» **What to do**
The line with "Вид с лестницы" marks the first line to copy, and the line with "A Belgrado, in" marks the last. Transcribe that stretch of the data below exactly, without pictures.

Start of Material provided

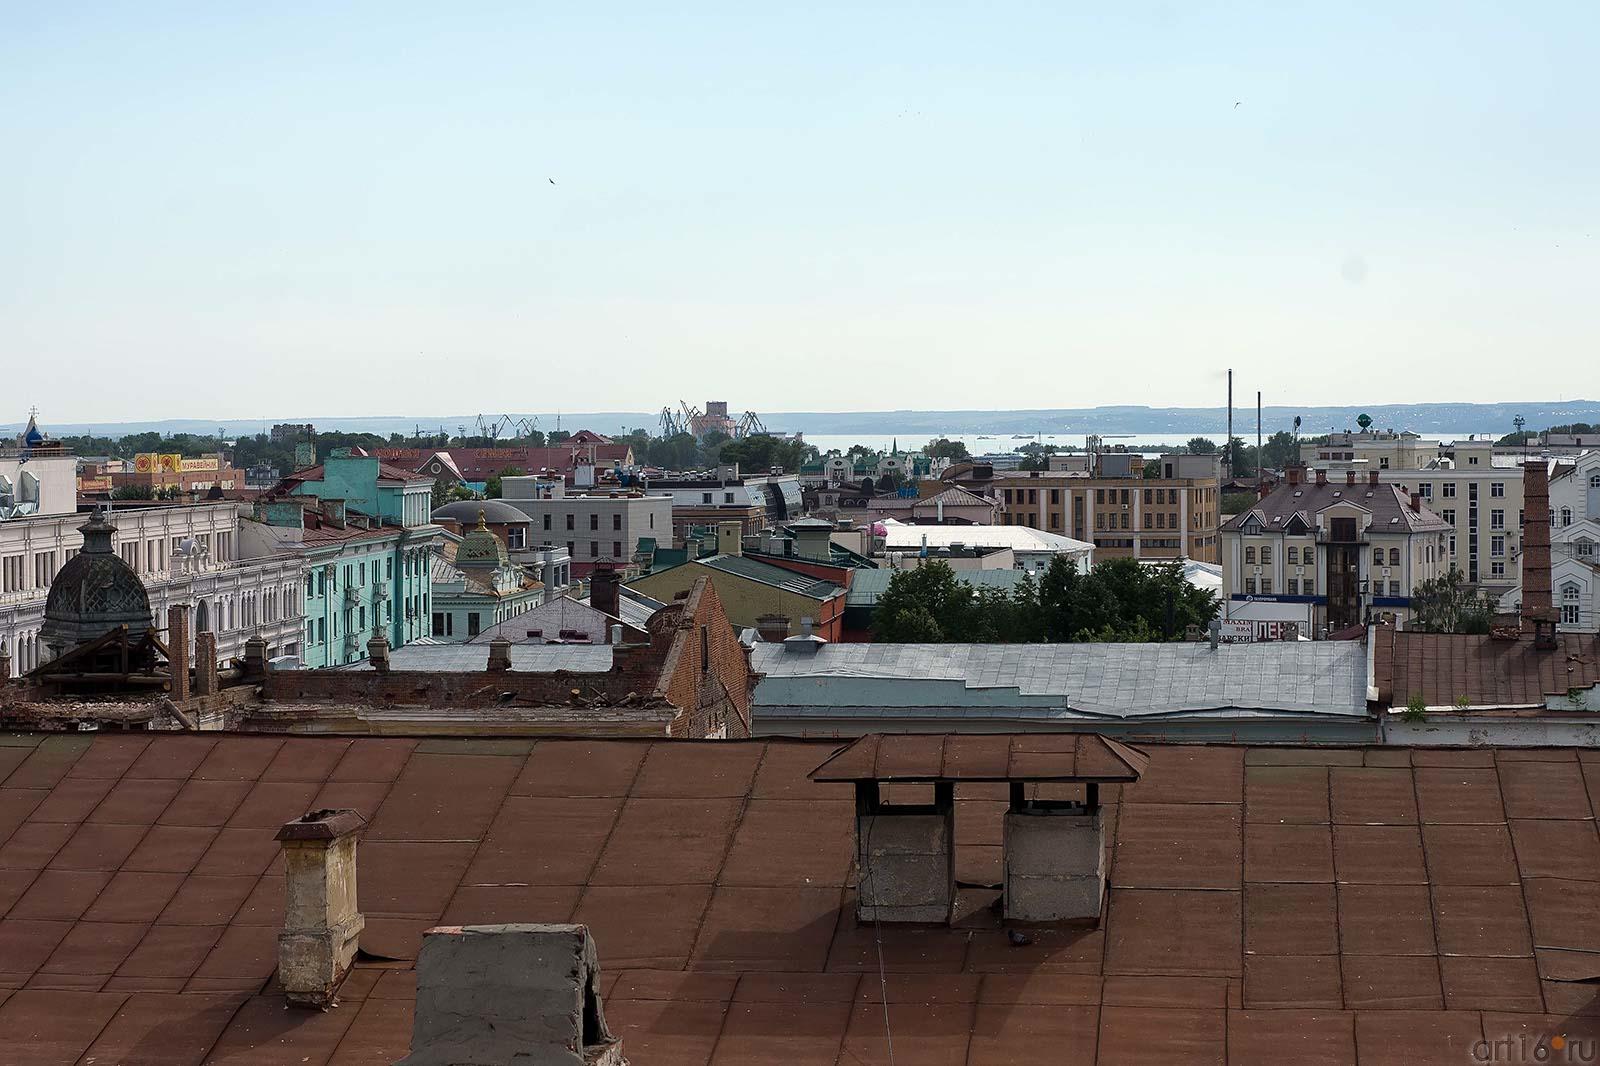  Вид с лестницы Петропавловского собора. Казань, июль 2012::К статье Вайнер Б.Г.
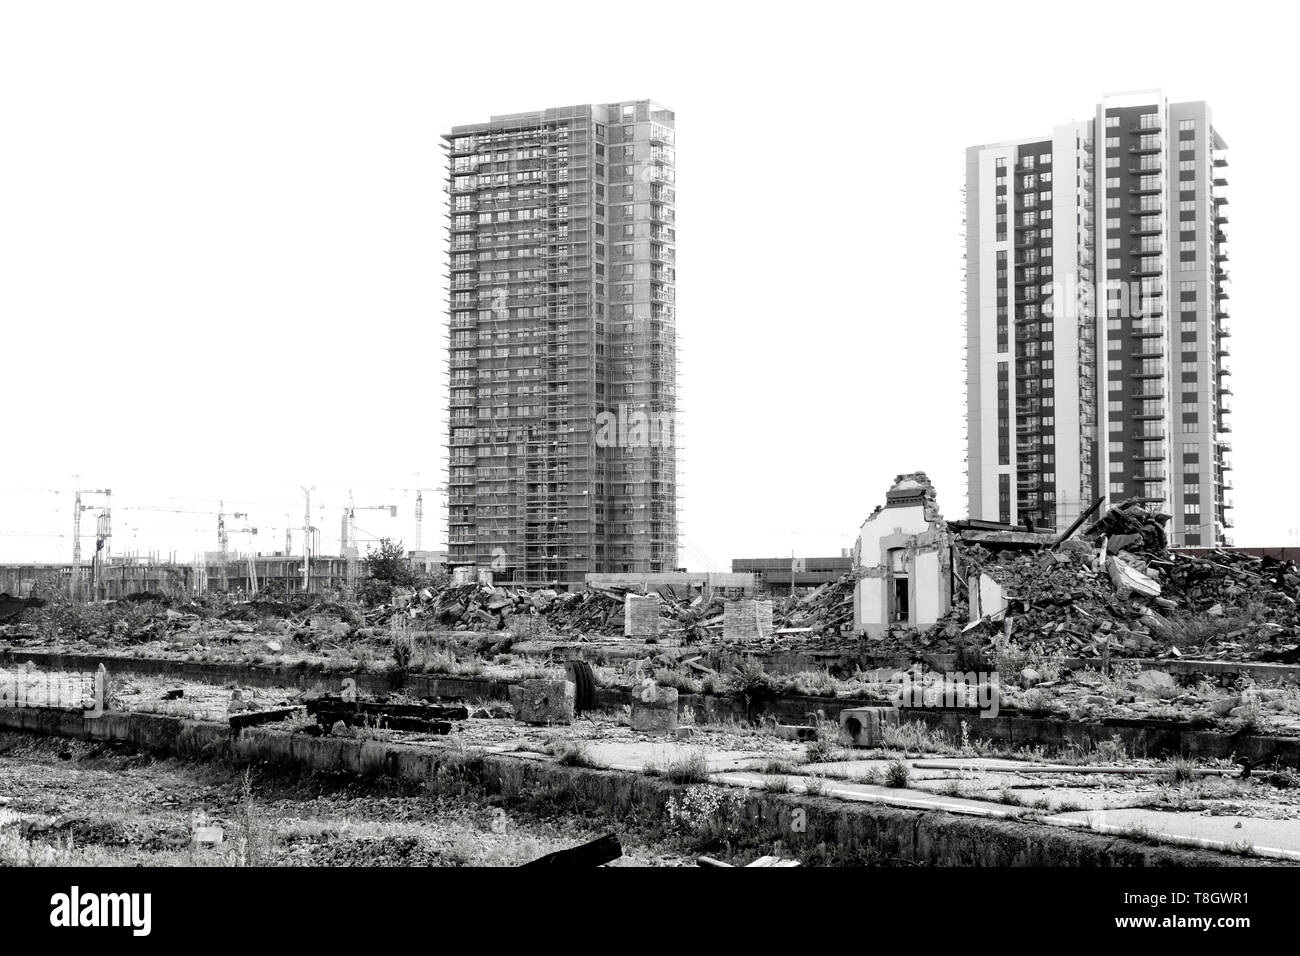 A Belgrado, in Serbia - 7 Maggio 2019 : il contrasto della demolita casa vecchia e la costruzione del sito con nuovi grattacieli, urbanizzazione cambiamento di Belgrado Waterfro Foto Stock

End of Material provided
Start of Material provided

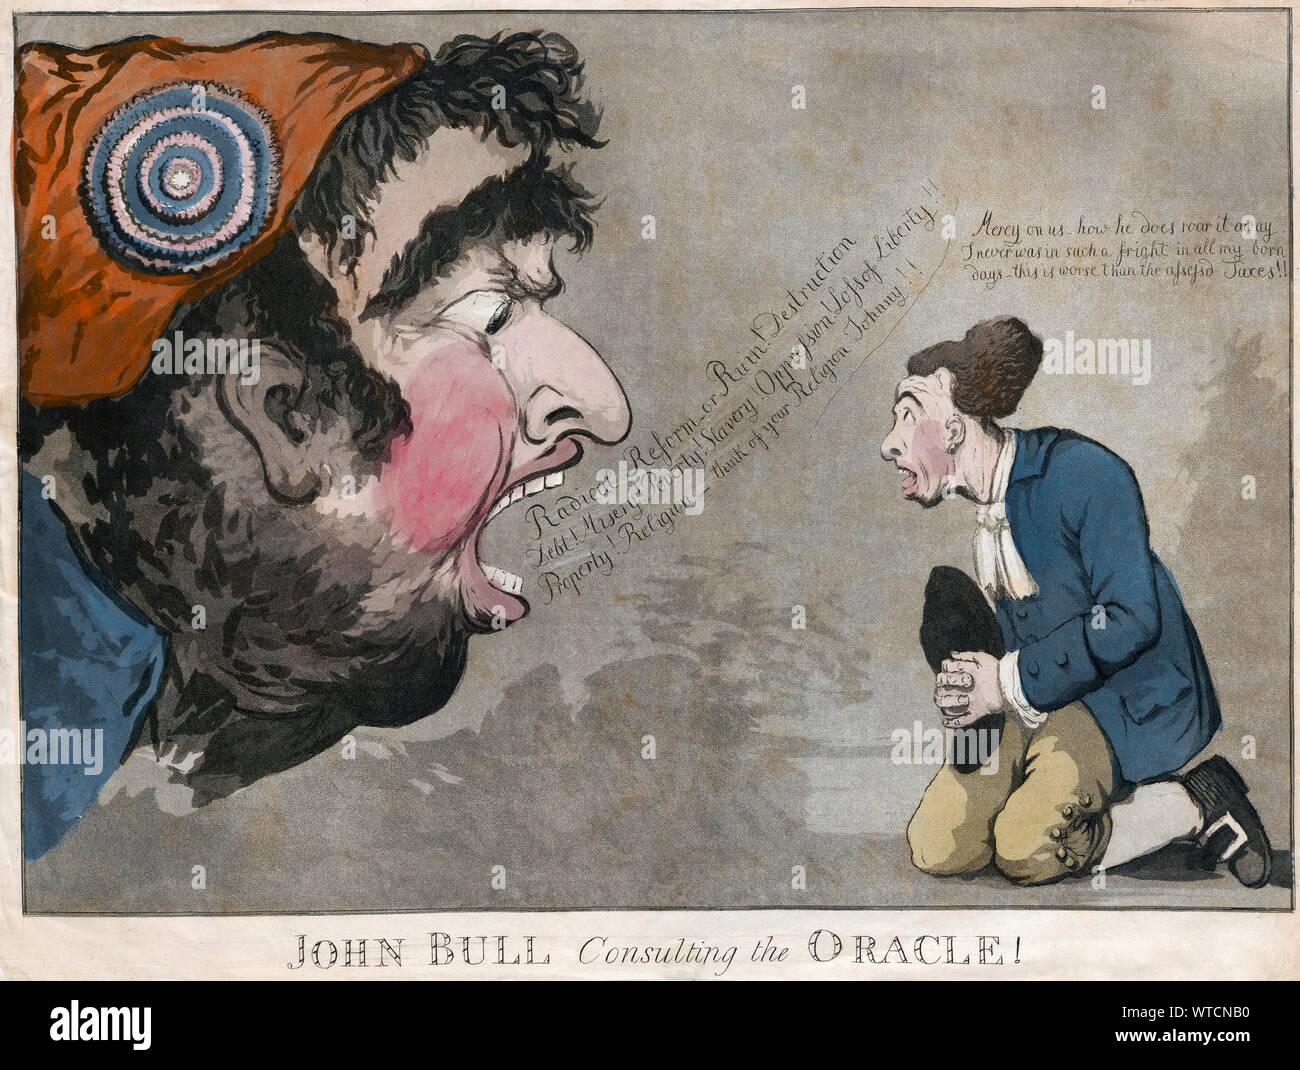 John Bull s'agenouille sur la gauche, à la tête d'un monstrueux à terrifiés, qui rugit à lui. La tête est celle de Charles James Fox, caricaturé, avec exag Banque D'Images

End of Material provided

» **Expected output**
  Вид с лестницы Петропавловского собора. Казань, июль 2012::К статье Вайнер Б.Г.
 A Belgrado, in Serbia - 7 Maggio 2019 : il contrasto della demolita casa vecchia e la costruzione del sito con nuovi grattacieli, urbanizzazione cambiamento di Belgrado Waterfro Foto Stock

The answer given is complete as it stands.